[Material provided]
──────────────────────────────
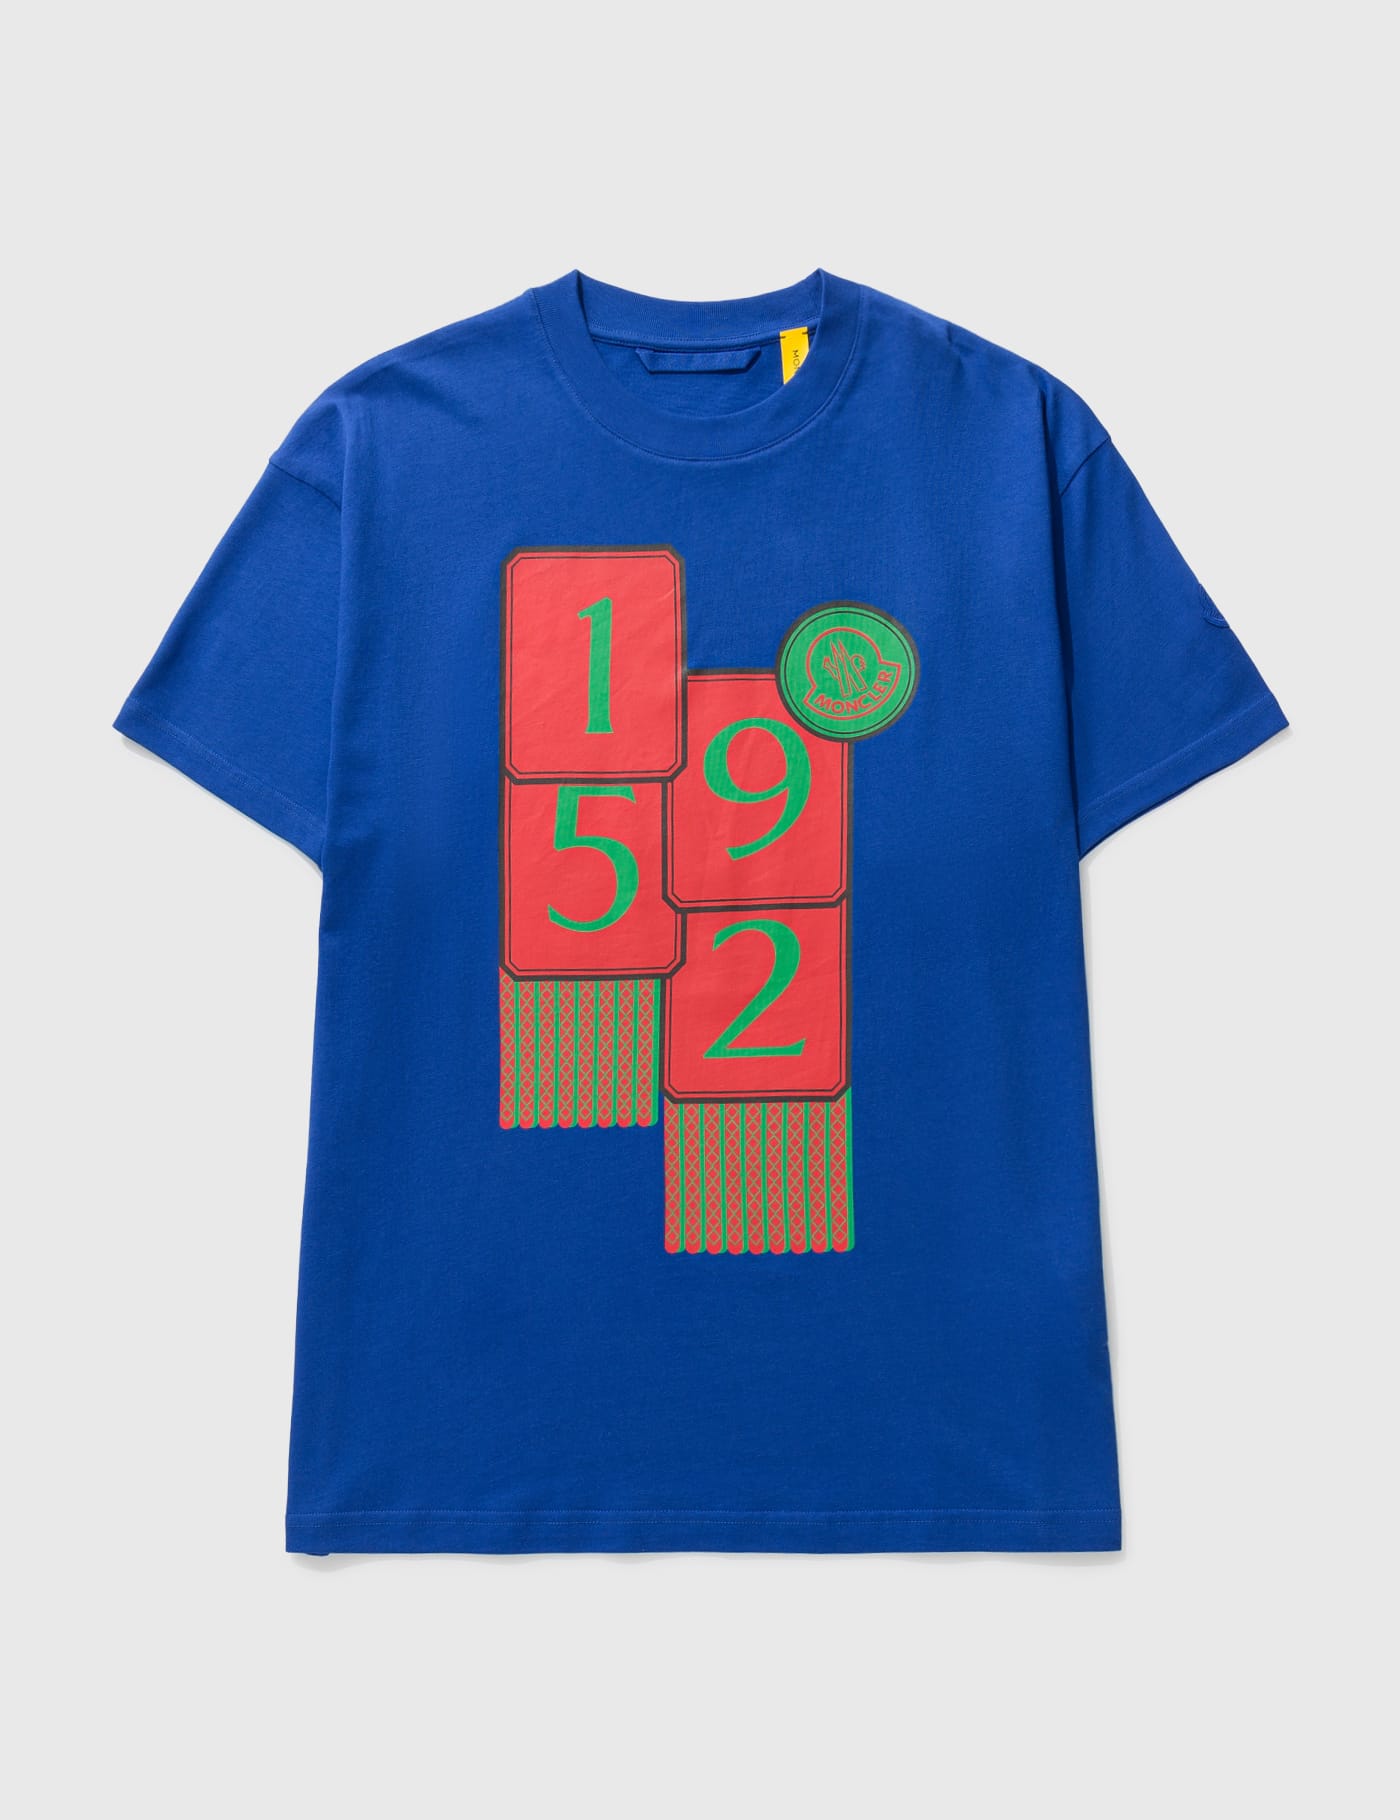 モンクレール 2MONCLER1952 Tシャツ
──────────────────────────────
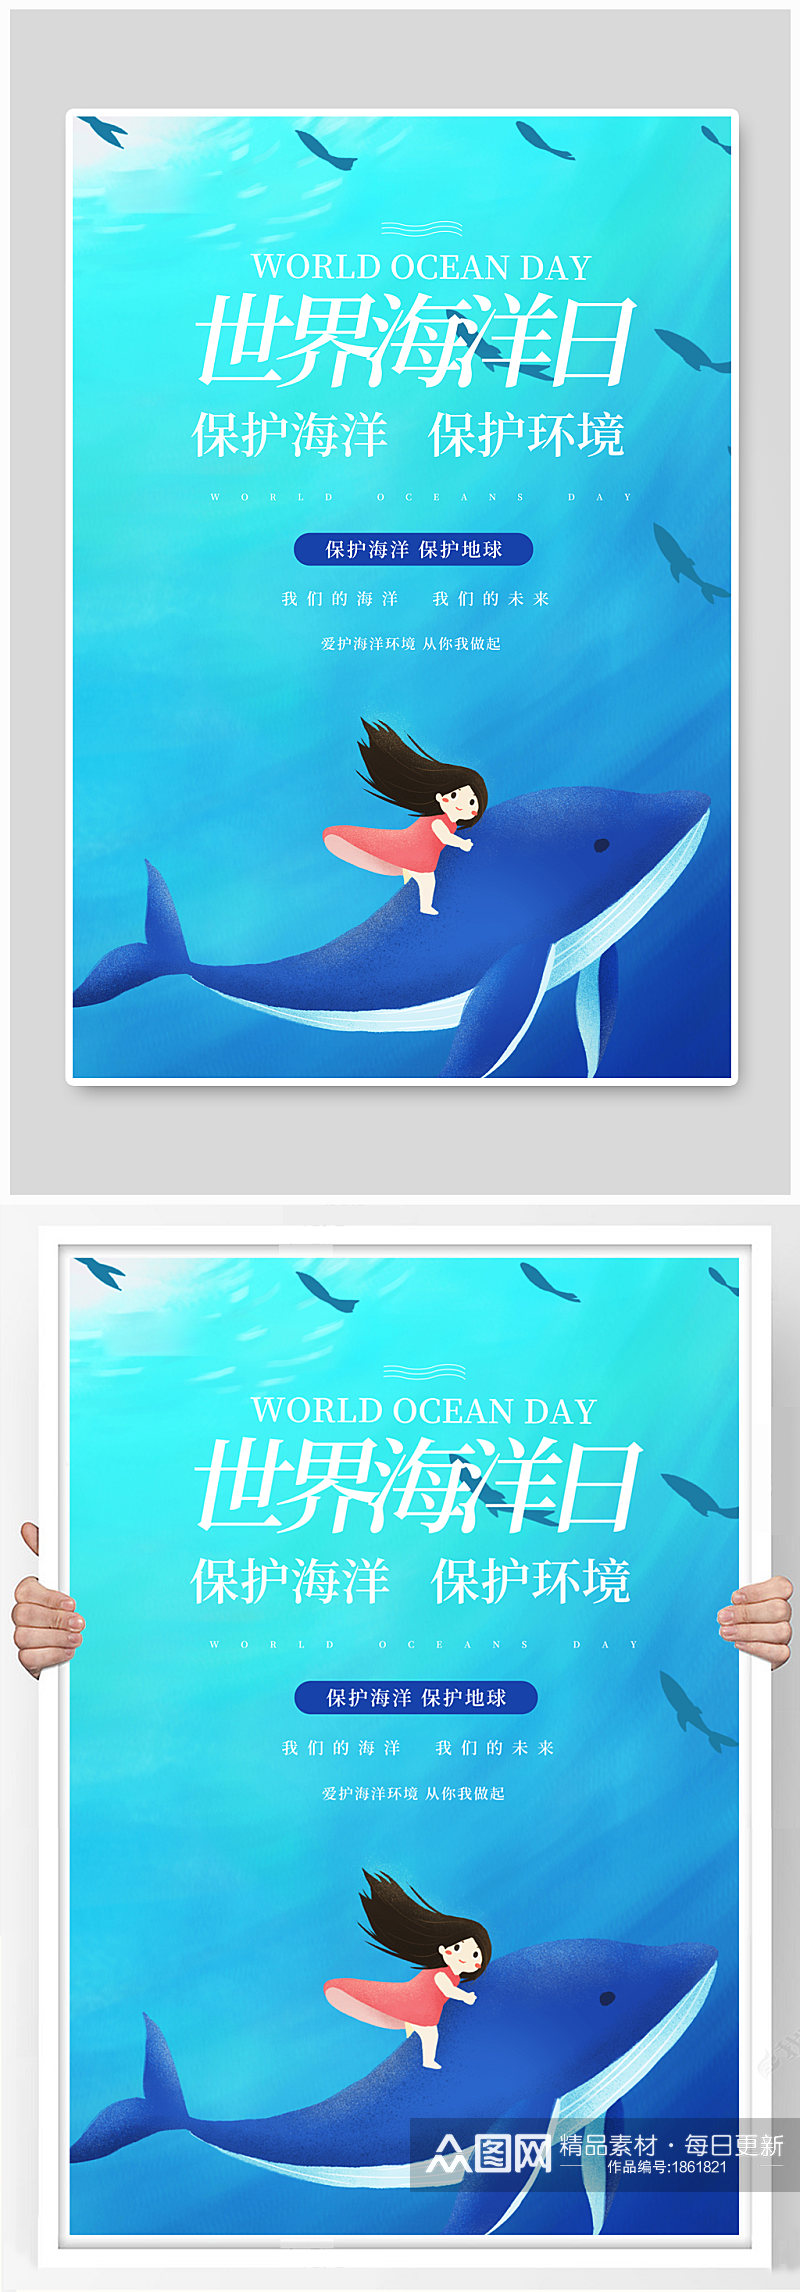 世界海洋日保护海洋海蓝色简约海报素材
──────────────────────────────
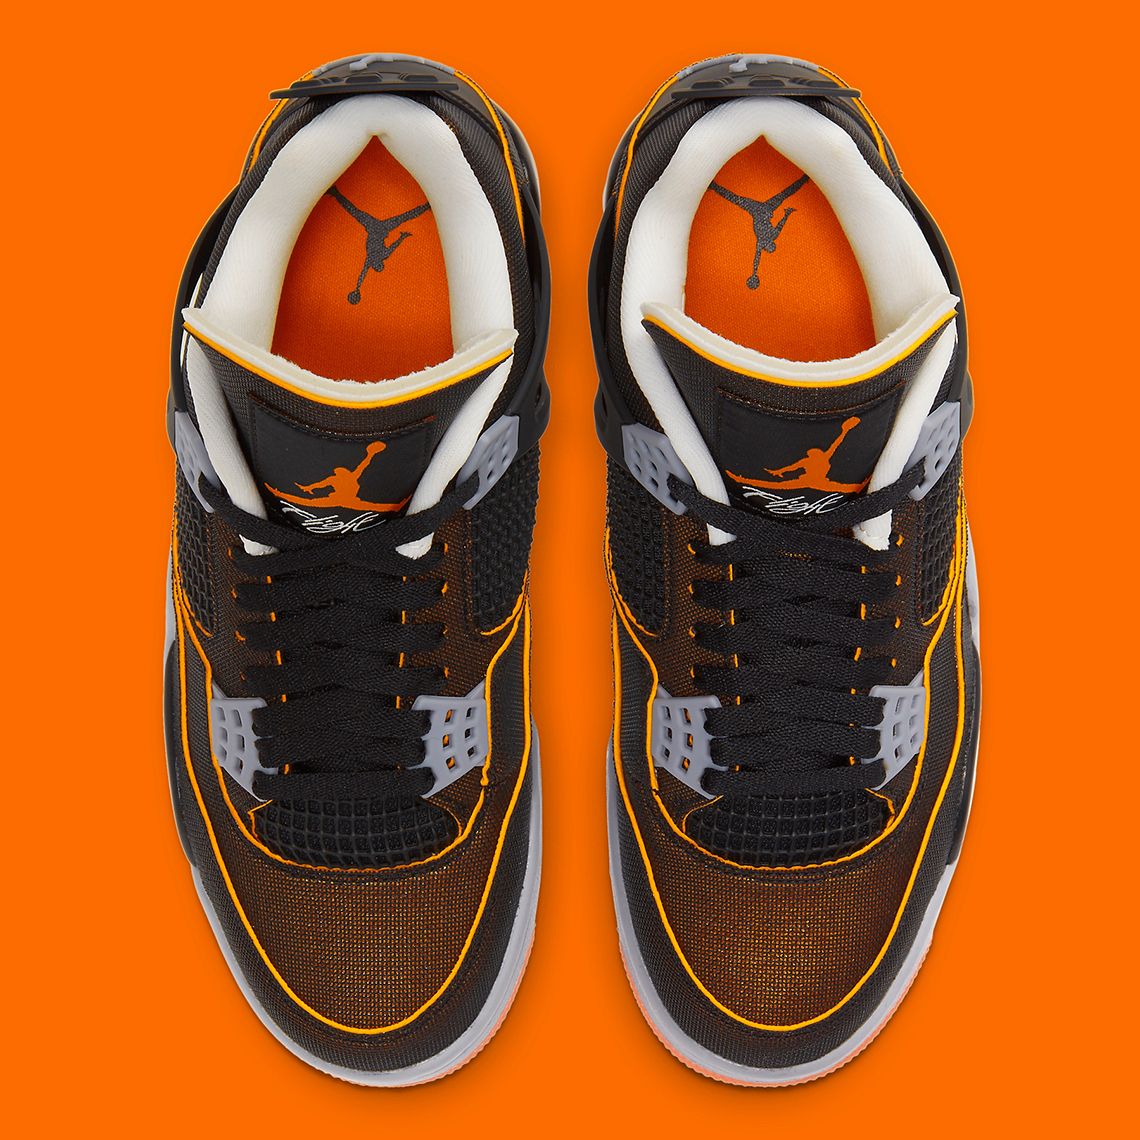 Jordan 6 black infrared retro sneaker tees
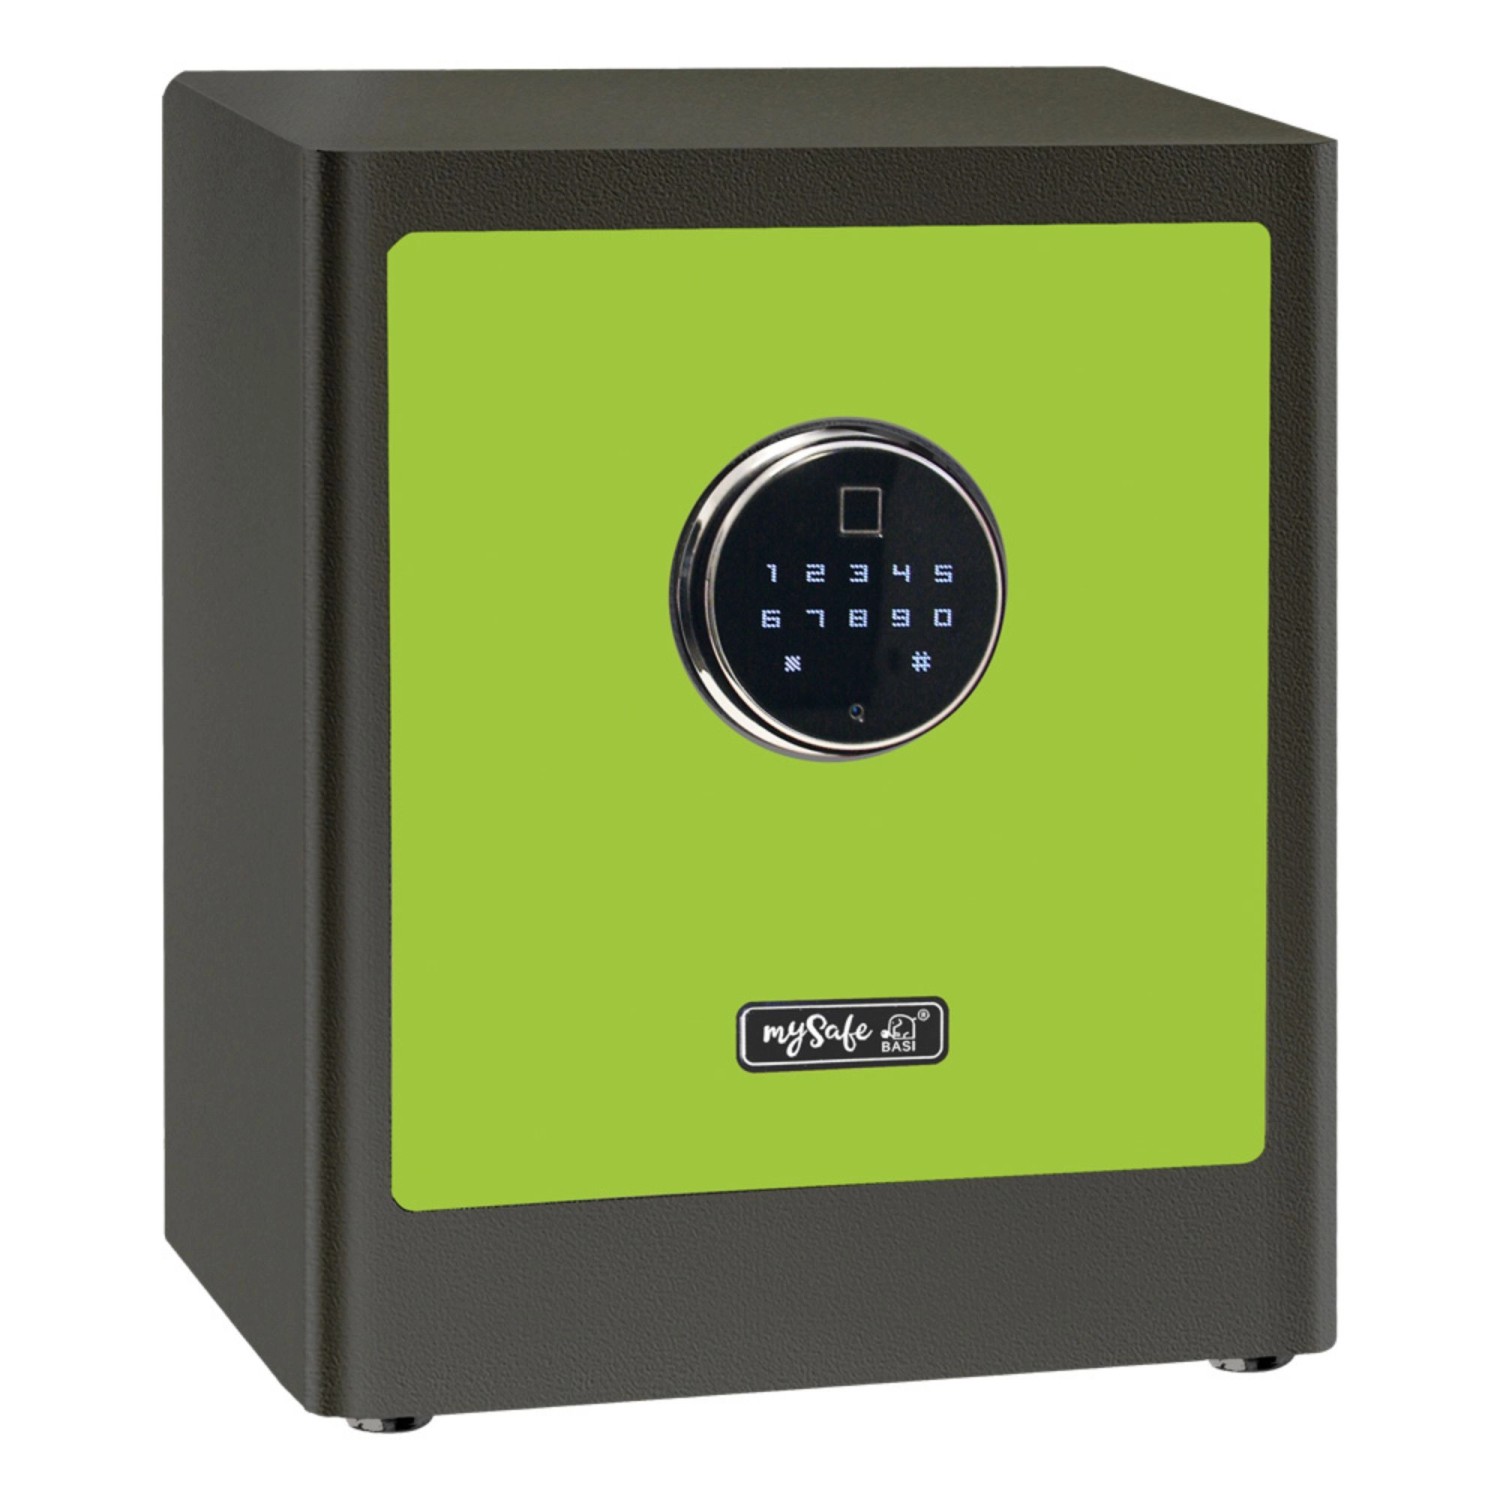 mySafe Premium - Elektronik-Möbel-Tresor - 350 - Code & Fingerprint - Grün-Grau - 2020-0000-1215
──────────────────────────────
[Task to carry out]
Print, exactly and with no pictures, the lines of the listing above starting at the one that has "Jordan 6 black infrared retro sneaker tees" and ending at the one that has "mySafe Premium - Elektronik-Möbel-Tresor", both included.

[Answer for the task]
 Jordan 6 black infrared retro sneaker tees
 mySafe Premium - Elektronik-Möbel-Tresor - 350 - Code & Fingerprint - Grün-Grau - 2020-0000-1215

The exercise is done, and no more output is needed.